According to Doreen Stabinsky, a professor of global environmental politics, “‘Climate Smart Agriculture’ is a feeble attempt to green the image of industrial agriculture – a difficult task given that fertilizer production and use and industrial beef production emit huge quantities of greenhouse gases. Over 100 civil society and farmers organizations from around the world are loudly rejecting a new US initiative, the Global Alliance on Climate-smart Agriculture.”63

According to La Via Campesina, the world’s largest peasant movement, “soil carbon markets could also open the door to offsets for genetically modified crops and large-scale land grabs for biochar.” Biochar is charcoal used as a soil amendment. Like most charcoal, it is made from biomass via pyrolysis. It is promoted by some as an approach to carbon sequestration. However, vast monocultures of fast-growing tree plantations would be needed to provide the necessary raw material if biochar carbon sequestration were to be implemented on a large scale. Peter Reed, an energy lecturer in New Zealand, coined the word biochar in 2005. He reckons that an area of 1.4 billion hectares should be enough. That’s a little more than the total area of arable land in the world! Africa is already suffering from a land grab epidemic – the race to control soils for carbon trading and sequestration could only make this worse.

In May 2009, the Congo Basin Forest Fund announced the first and so far only REDD-related grant for the use of biochar, i.e. fine-grained charcoal added to agricultural soils. The €338,000 grant went towards a project in the Democratic Republic of Congo called “Phasing out Slash-and-Burn farming with Bio-char”. The project was initiated by a Belgian-based ‘social profit organisation’ called Biochar Fund, together with a local partner organisation, ADAPEL. According to the Congo Basin Forest Fund’s (CBFF) website, the project will “replace slash-and-burn farming” because biochar ‘maintains soil fertility and constitutes a stable and easily measurable carbon sink. Bio- char thus enriches the soil and makes it more productive, which lessens the pressure to encroach on forest land. Using crop residues to produce bio-char also generates renewable energy in a low-cost manner, and this reduces local dependency on firewood.’ None of those claims have been borne out by scientific field trials…The CBFF biochar grant was not only a ‘first’ as far as biochar funding is concerned – it is also the only CBFF grant to support a technology or practice claimed to sequester carbon in soils. Carbon credits for soil carbon sequestration are one of the aims pursued by the World Bank in Durban and beyond.

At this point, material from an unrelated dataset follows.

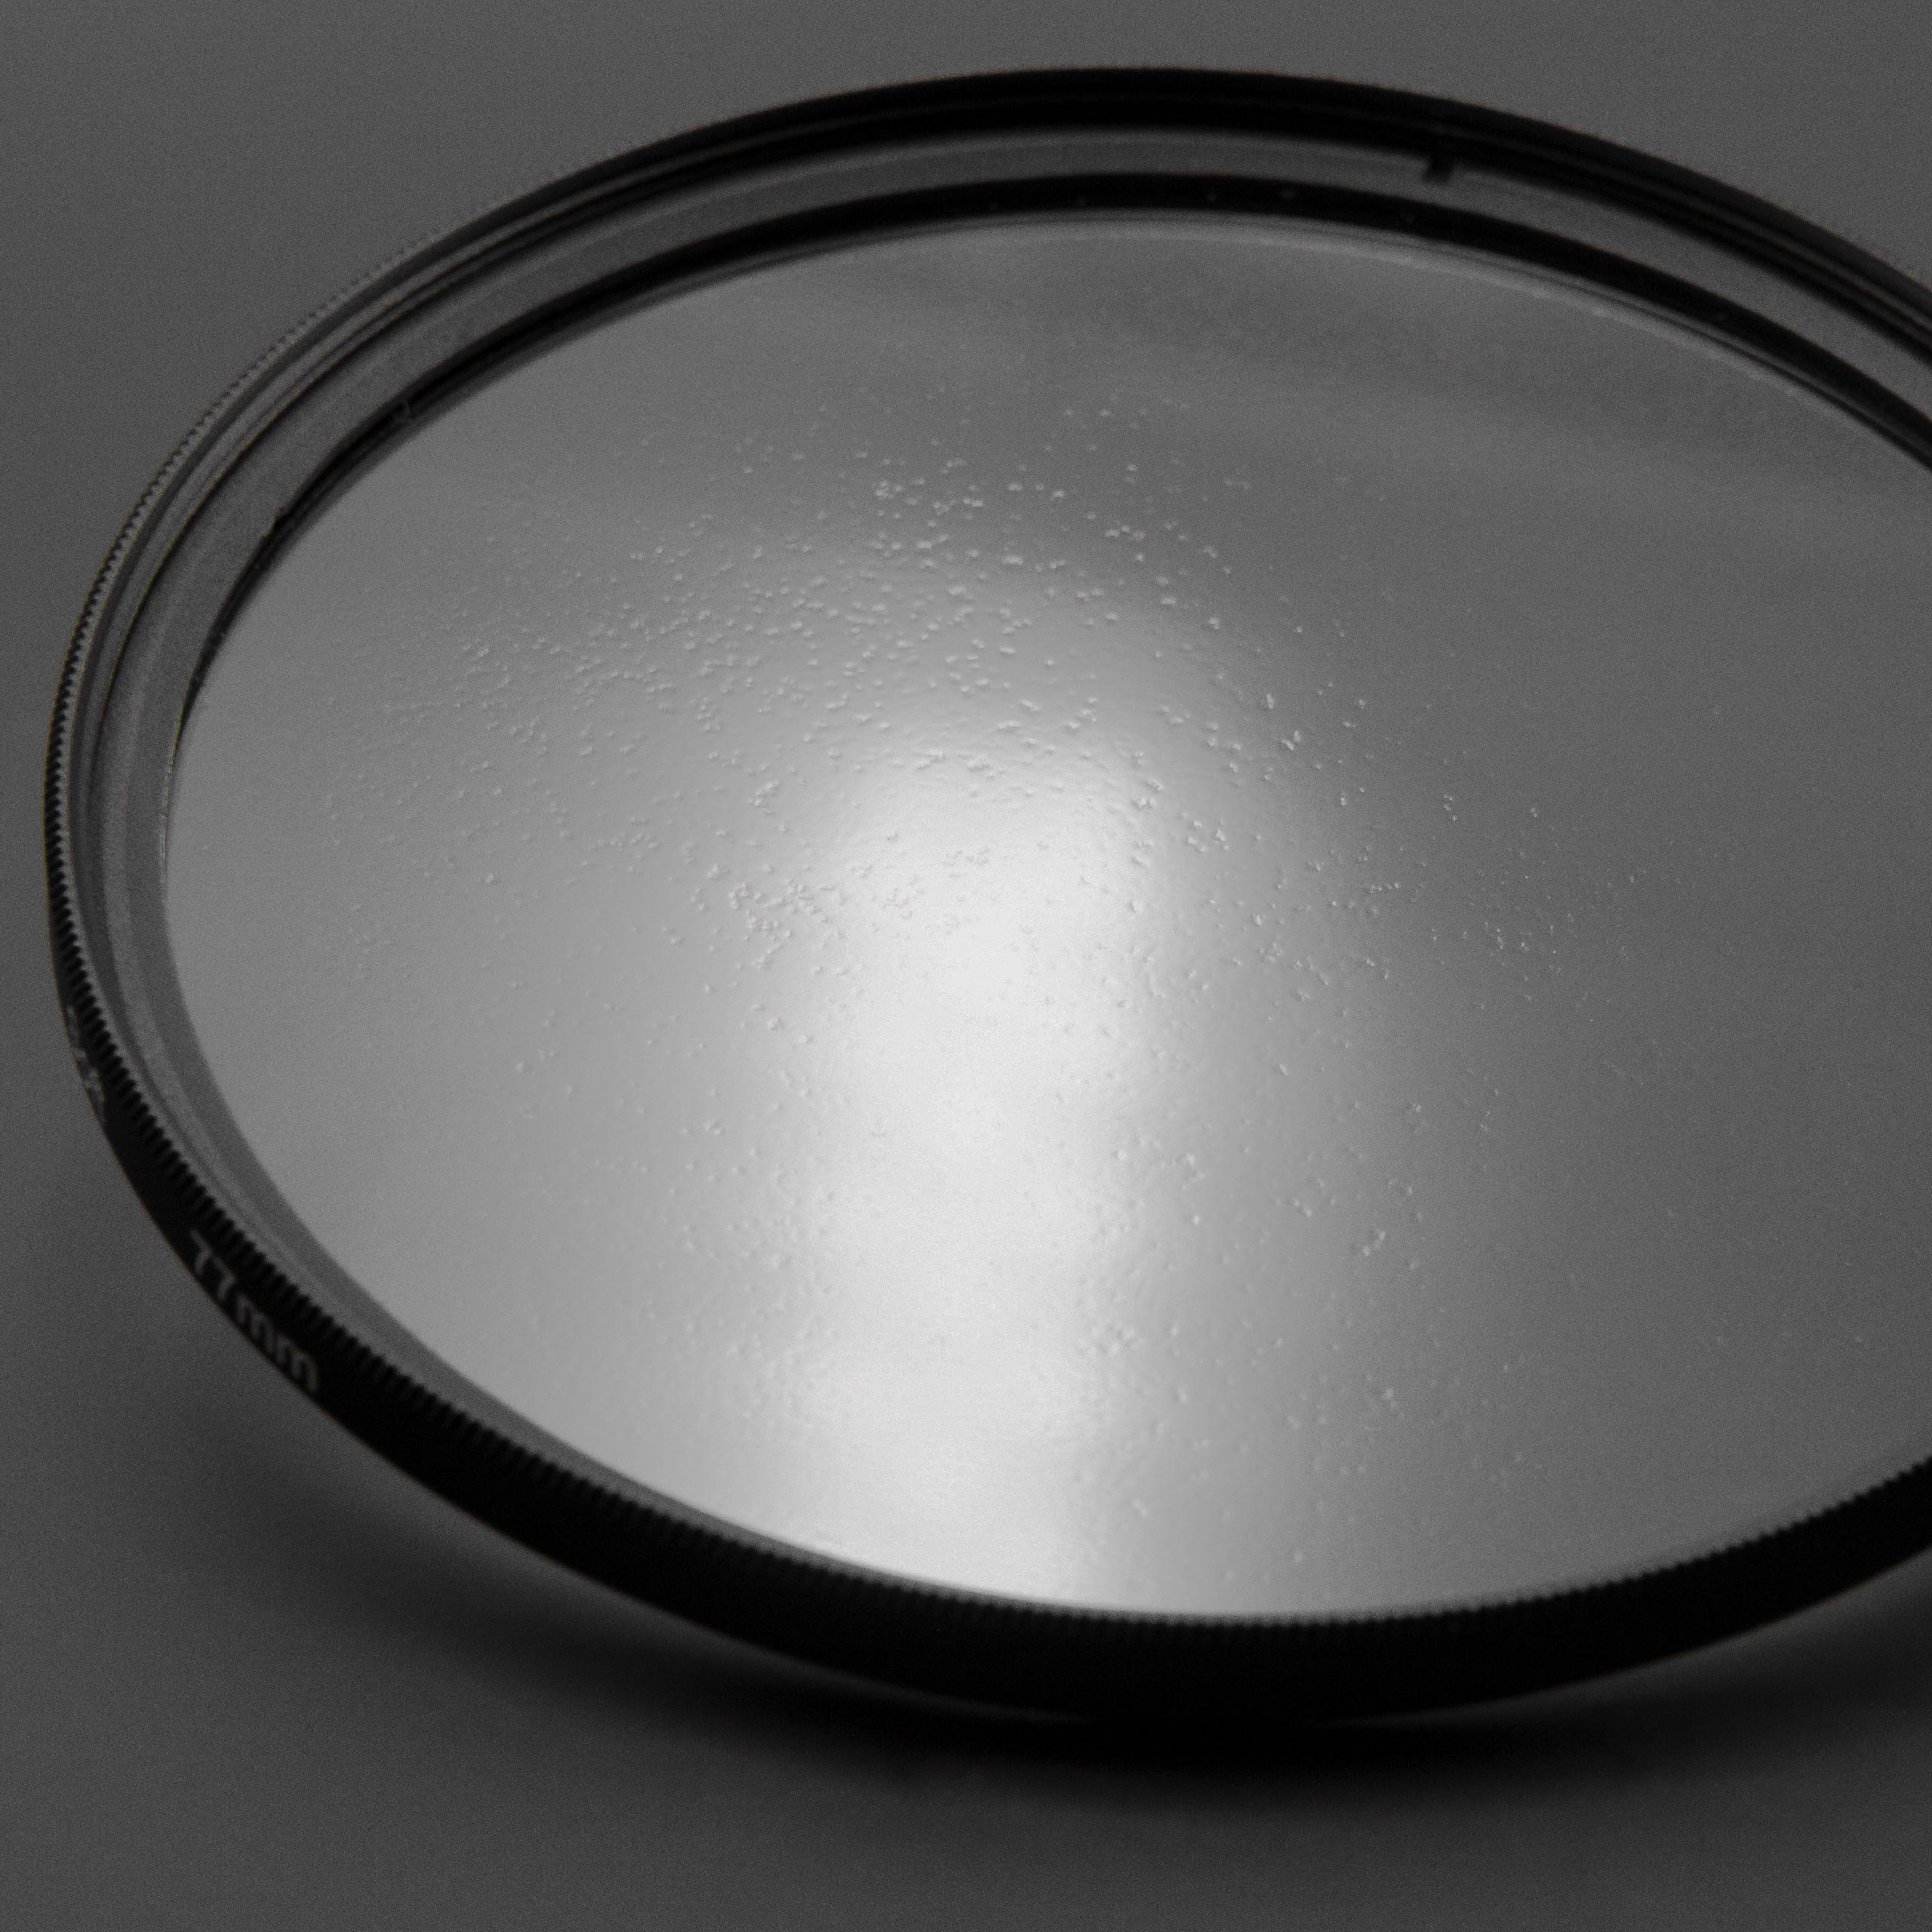 Filtr dyfuzyjny 67mm na obiektyw do różnych aparatów - filtr soft focus

“The voluntary soil carbon market will be another space for financial speculation, and while farmers receive pennies, speculators will make ridiculous profits. This is just another way for polluting industries and countries to evade real reductions in emissions. If we as farmers sign a soil carbon agreement, we lose autonomy and control over our farming systems. It is inseparable from the neoliberal ideology of converting absolutely everything (land, air, biodiversity, culture, genes, carbon, etc.) into capital, which in turn can be placed in some kind of speculative market.”64

A new form of colonialism

The No REDD in Africa Network has, since its creation, declared categorically that “REDD is not just a false solution to climate change but is emerging as a new form of colonialism, economic subjugation, impoverishment and land grabs so massive that they may constitute a Continent Grab.”65 Many social movements, academics and analysts agree.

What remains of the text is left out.